The Tweet That Got Me Thinking
Dan Price, CEO of Gravity Payments, recently tweeted:
“An Ohio factory raised pay from $13.70 to $18.25. Its staff grew 35%. Profit doubled. The extra labor helped them fill more orders. After I doubled minimum wage at our company, our revenue tripled. Invest in your employees, and your business will thrive.”
I saw the tweet shared on LinkedIn, and as you might expect, comments surfaced on every segment of the spectrum from those who wholeheartedly agree with Mr. Price’s opinion to those who couldn’t disagree more.
Since 2015 when he raised the minimum salary for his company’s employees to $70,000 and lowered his own wage from $1.1 million to $70,000, Mr. Price has been a polarizing figure. People either love or hate his ideas.
I’m not here to debate his opinions and strategies.
The Statement That Means So Much
Instead, I want to delve deeper into the last sentence of his tweet:
“Invest in your employees, and your business will thrive.”
We often think only of money when we hear the word invest. You may have invested in your college education. Or perhaps your dream home. Maybe the bigger car you and your growing family needed.
The word invest most certainly can pertain to money.
It also relates, though, to time, relationships, belonging, and psychological safety.
We’re currently living and working in a grand game of tug-o-war. Many employers say people don’t want to work, and many people say employers expect too much and give too little.
So how do we find some sort of balance? A solution that helps us all get to a better place?
We invest.
In each other.
The Way to Make That Investment Happen
Here’s what that investment looks like for leaders:
1. Provide professional development.
You’ve likely seen the conversation often posted on social media about a CFO asking a CEO, What happens if we invest in developing our people and then they leave us? The CEO replies, What happens if we don’t and they stay?
People want to be challenged and have the opportunity to grow and develop in the work they do. While the stats for employee disengagement are higher than we’d like to see, leaders who provide development opportunities—both internal and external—are telling their people they’re valued, appreciated, and worth investing in.
2. Prioritize clarity.
I love the statement in Brené Brown’s book Dare to Lead: “Clear is kind. Unclear is unkind.” People crave clarity which includes everything from creating well-defined job descriptions to asking for understanding at each meeting’s end to transparently sharing your own boundaries of what you will and won’t accept.

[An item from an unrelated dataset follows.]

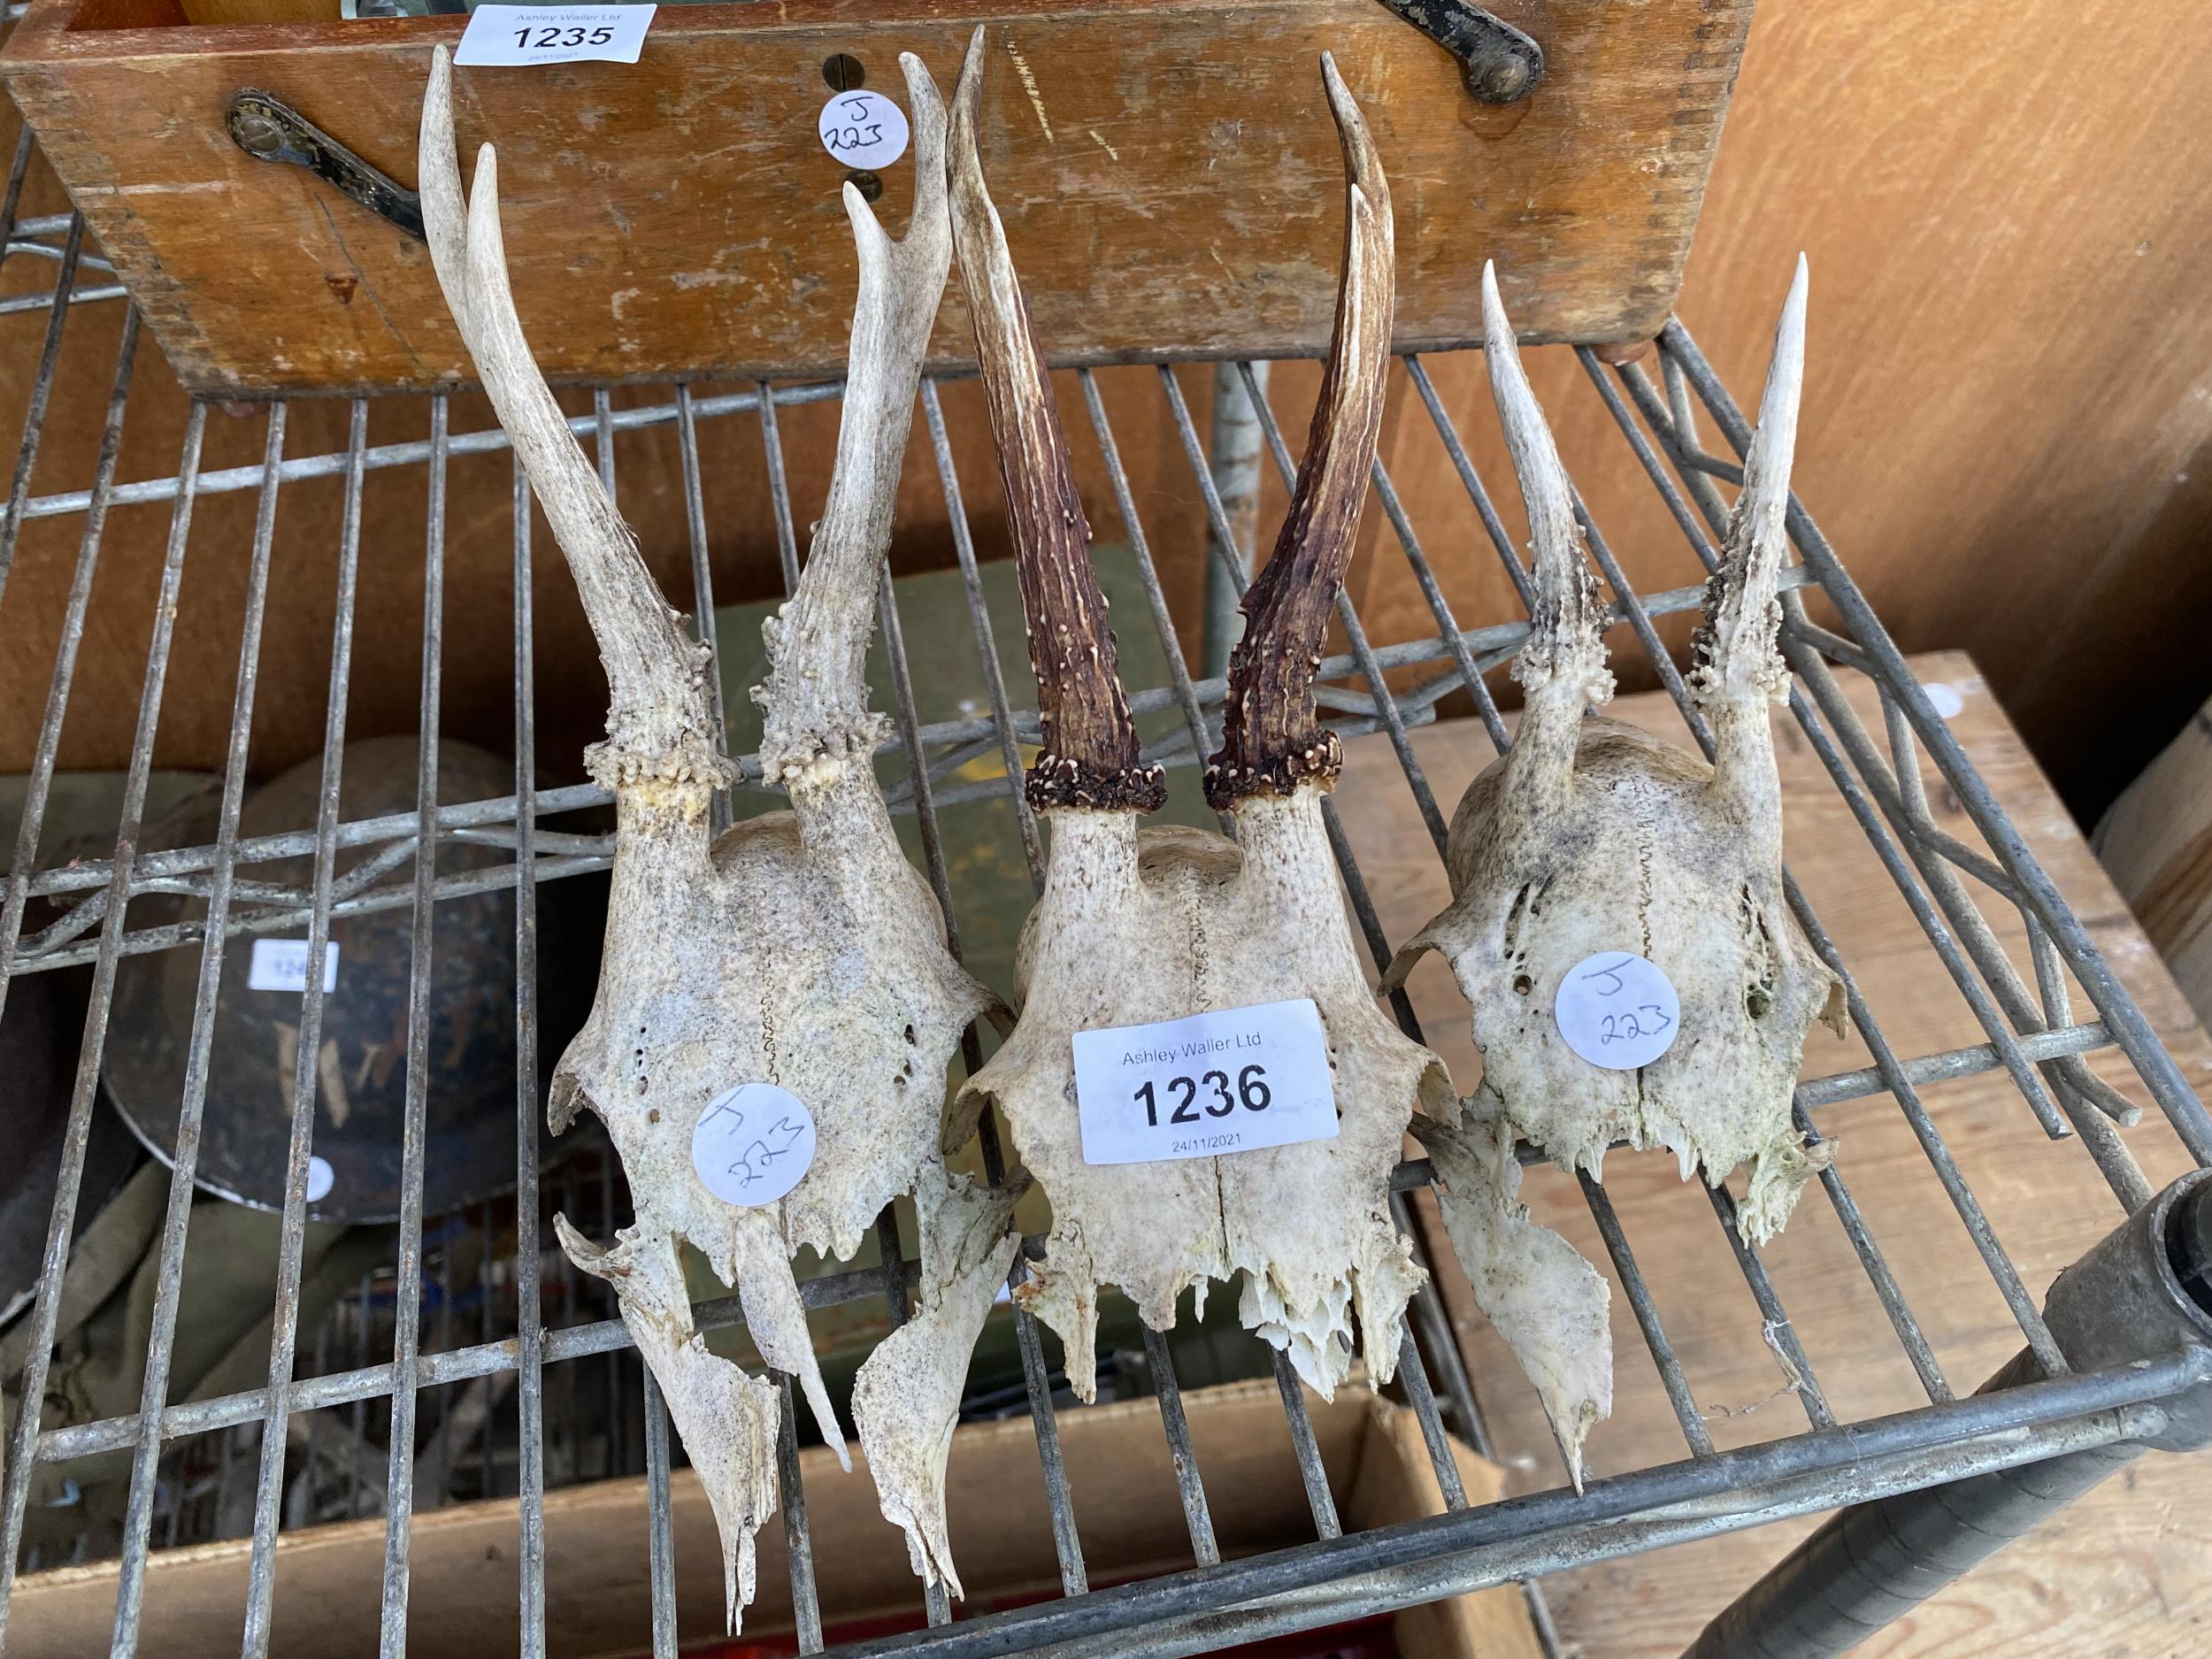 A GROYUP OF THREE ANIMAL SKULLS WITH ANTELERS

Clarity is a gift that keeps on giving. It reduces drama, chaos, and errors that often come from too much ambiguity.
3. Normalize feedback in every direction.

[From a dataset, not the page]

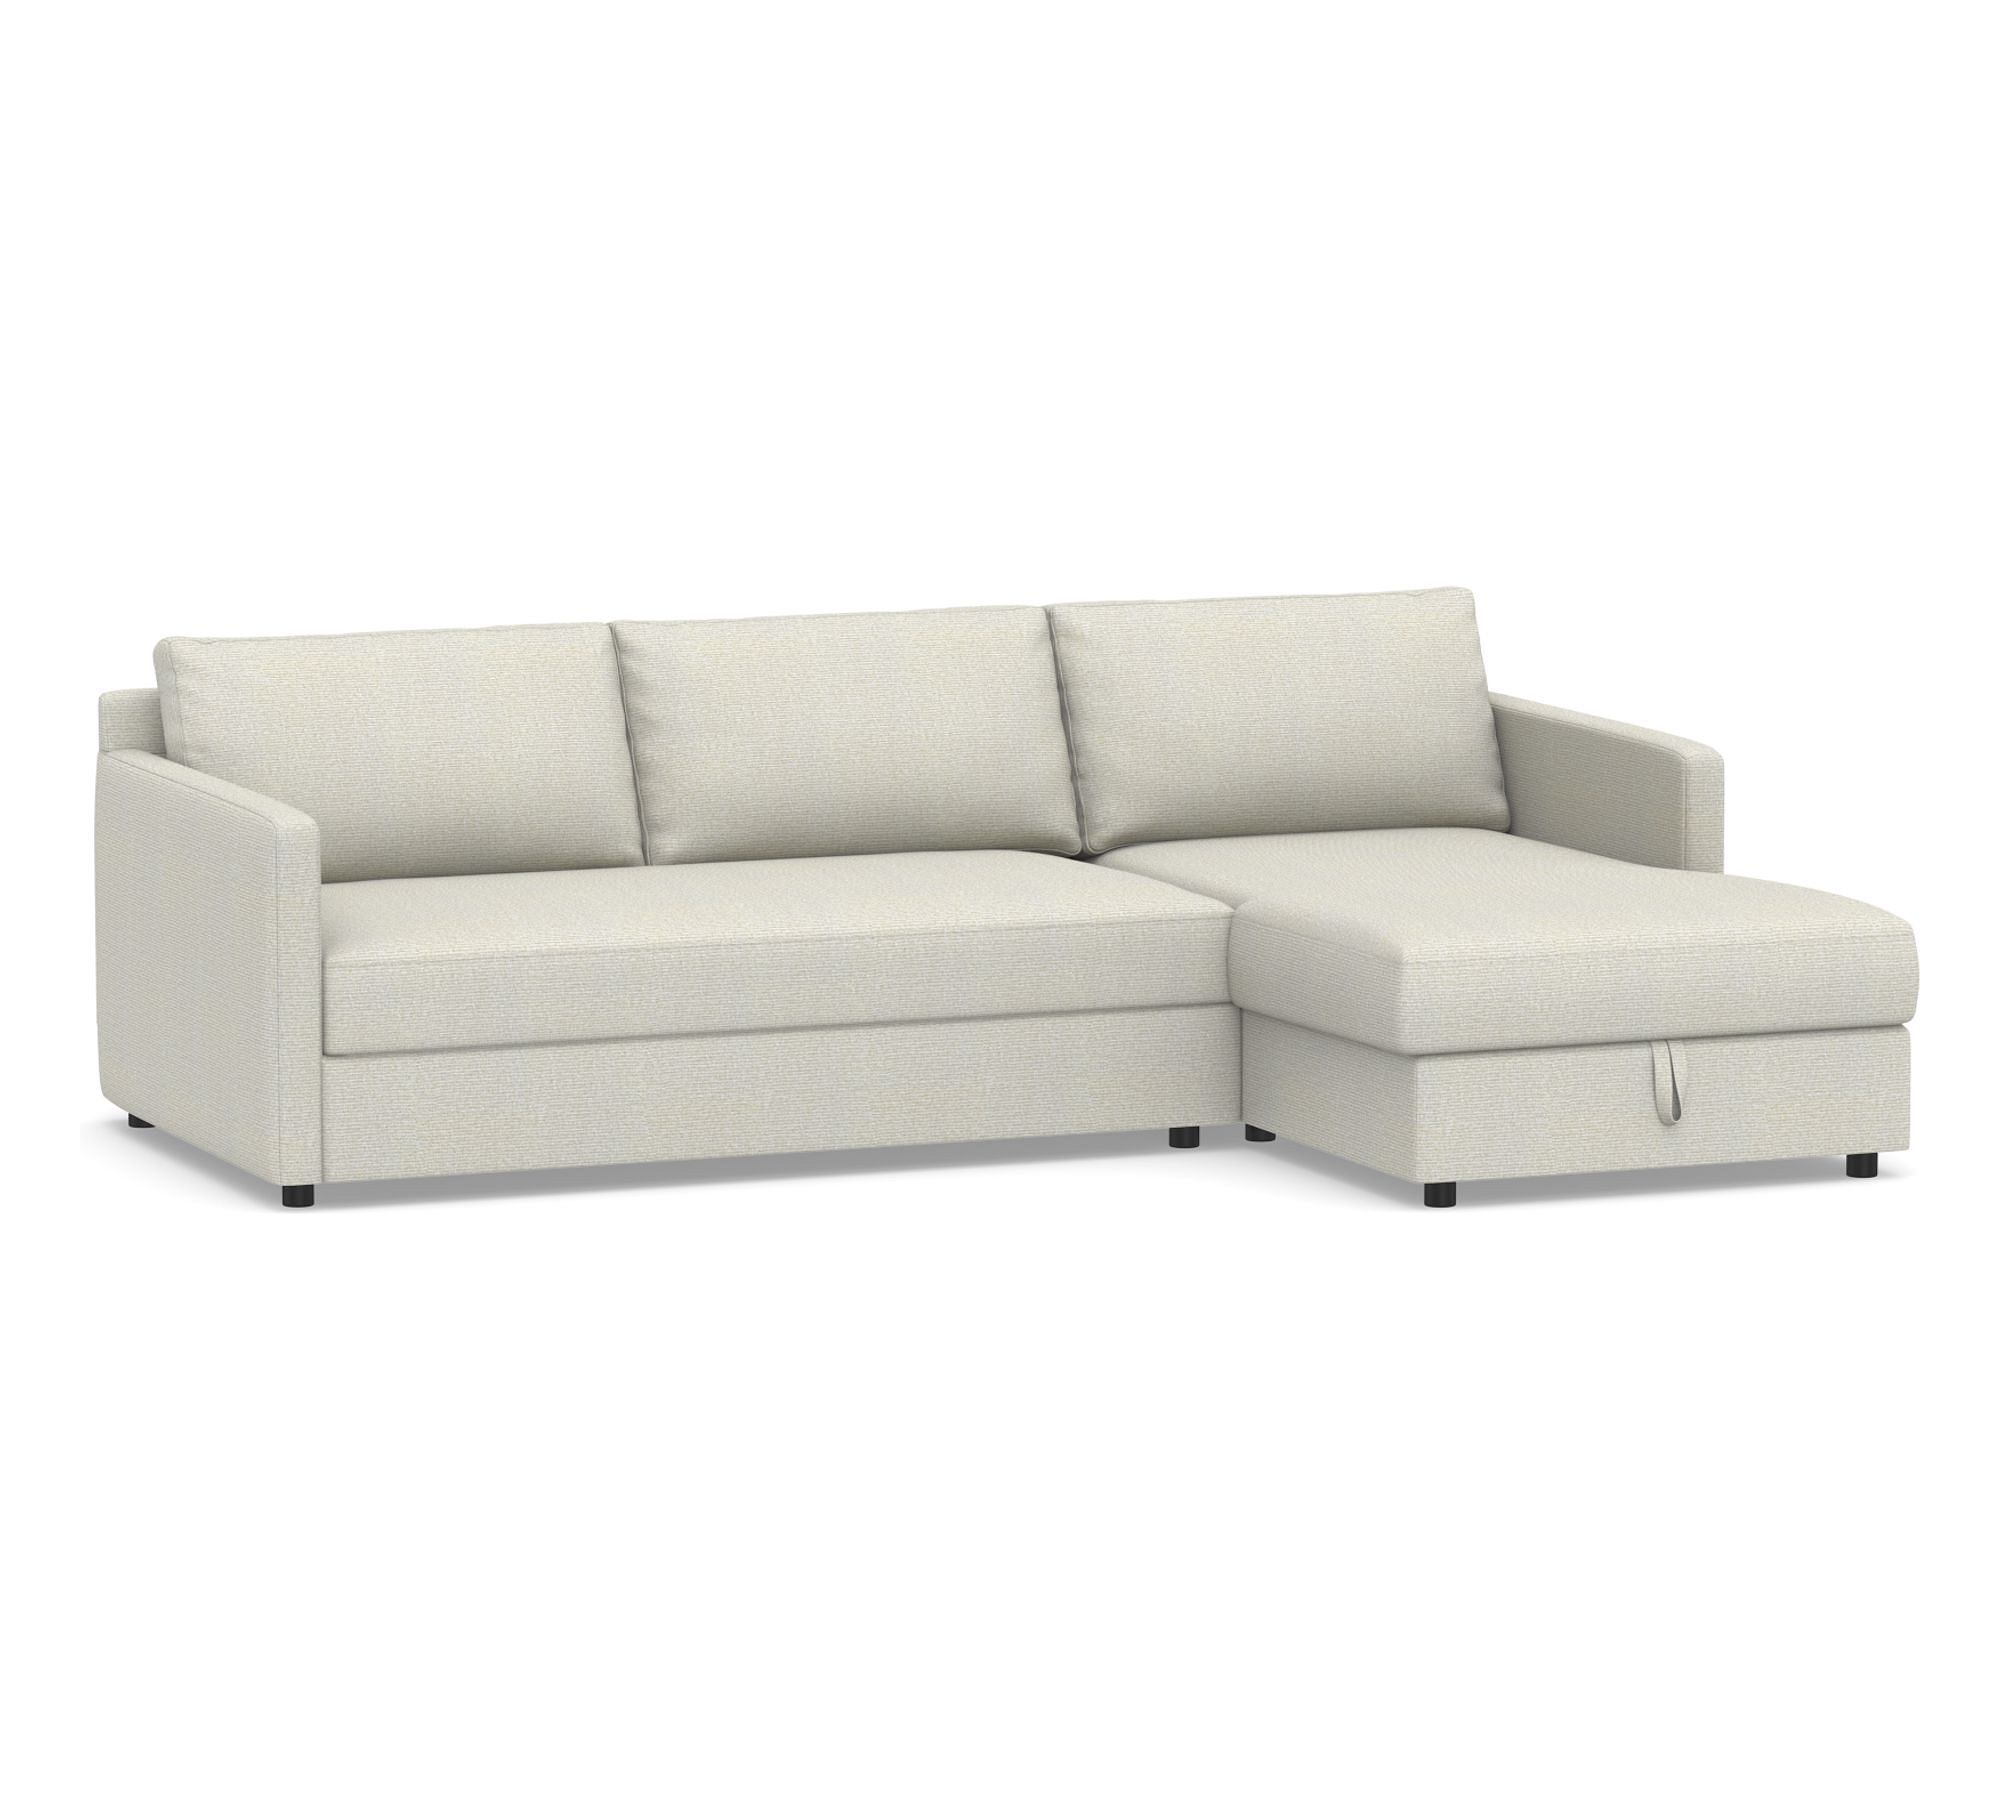 Pacifica Trundle Sleeper Chaise Sectional - Storage Available (99")

Most people are used to receiving feedback from superiors in the workplace. Ideally, constructive feedback focused on what’s working and what could be improved is happening on a regular basis (and I don’t mean just once a year at performance review time).

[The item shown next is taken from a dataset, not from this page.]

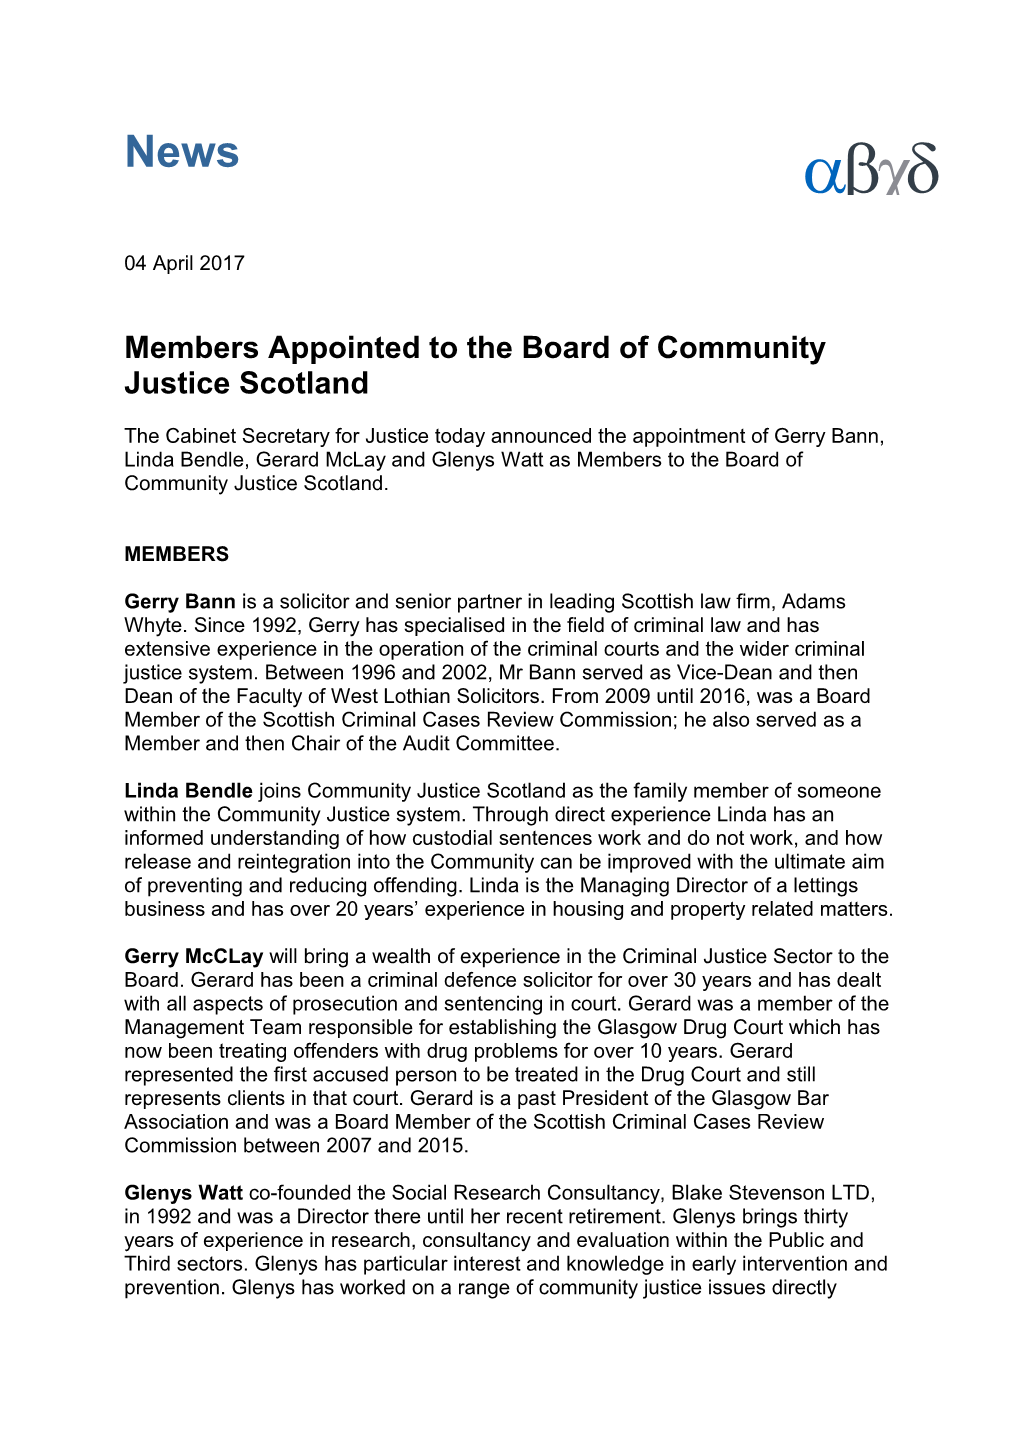 Members Appointed to the Board of Community Justice Scotland

What about feedback focused up and to the side, though? When employees don’t fear reprisal for sharing their thoughts respectfully and professionally, communication is enhanced. Trust increases. Empathy is part of daily interactions. And giving and receiving feedback in every direction isn’t the only norm; improved overall results becomes one, too.
4. Deal with the elephant in the room now, not later.
That slacker on the team who doesn’t pull his weight? Your team sees it happening. They’re the ones getting the extra workload. That seasoned veteran who puts new employees down with her sarcastic comments muttered under her breath in meetings? Your team is sitting by watching how you do (or don’t) manage the disrespect.
People are smart. They’re observant. They want to feel proud of the work they do and the organization for which they do it. And they don’t want to stick around to witness injustice happening over and over again. Deal with the elephant so you get the benefit of keeping your strongest team players and they get the benefit of working for a leader who walks the talk.
5. Know what matters most.
What motivates one person doesn’t necessarily motivate the next. You can look at this fact like a chore that will take too much of your time to figure out, or you can go to work to learn what matters most to your team as a whole and each team member individually.
Some are looking for more flexibility. Others want recognition, and even in that group, some prefer private recognition while others want the public shout out for their accomplishments. Some team members love the donuts you bring on Fridays; others simply want a space to work quietly with no sugar at all (Can you imagine?!). Bottom line: know what matters most to them, and do all you can to provide it for them.
The Mindset for Us All
I started the above list of suggestions by saying we invest in each other. And then I shared investment ideas for those in leadership positions: business owners, team leads, managers, supervisors, directors, C-suite professionals.
But what if you’re not currently in a named leadership role? How do you invest?
My recommendation: lead yourself. Focus on each idea shared (and add some of your own). Then ask yourself how you can make it work for you.
- How can you get the benefit of company-sponsored professional development?
- How can you ask for and provide clarity for others?
- How can you make feedback a normal part of your work days?
- How can you professionally communicate about wrongdoings you experience?
- How can you help others know what matters to you most?
We’re in this thing together.
Life and work are not solo endeavors.
So let’s invest. In ourselves. In others. For the greater good of all.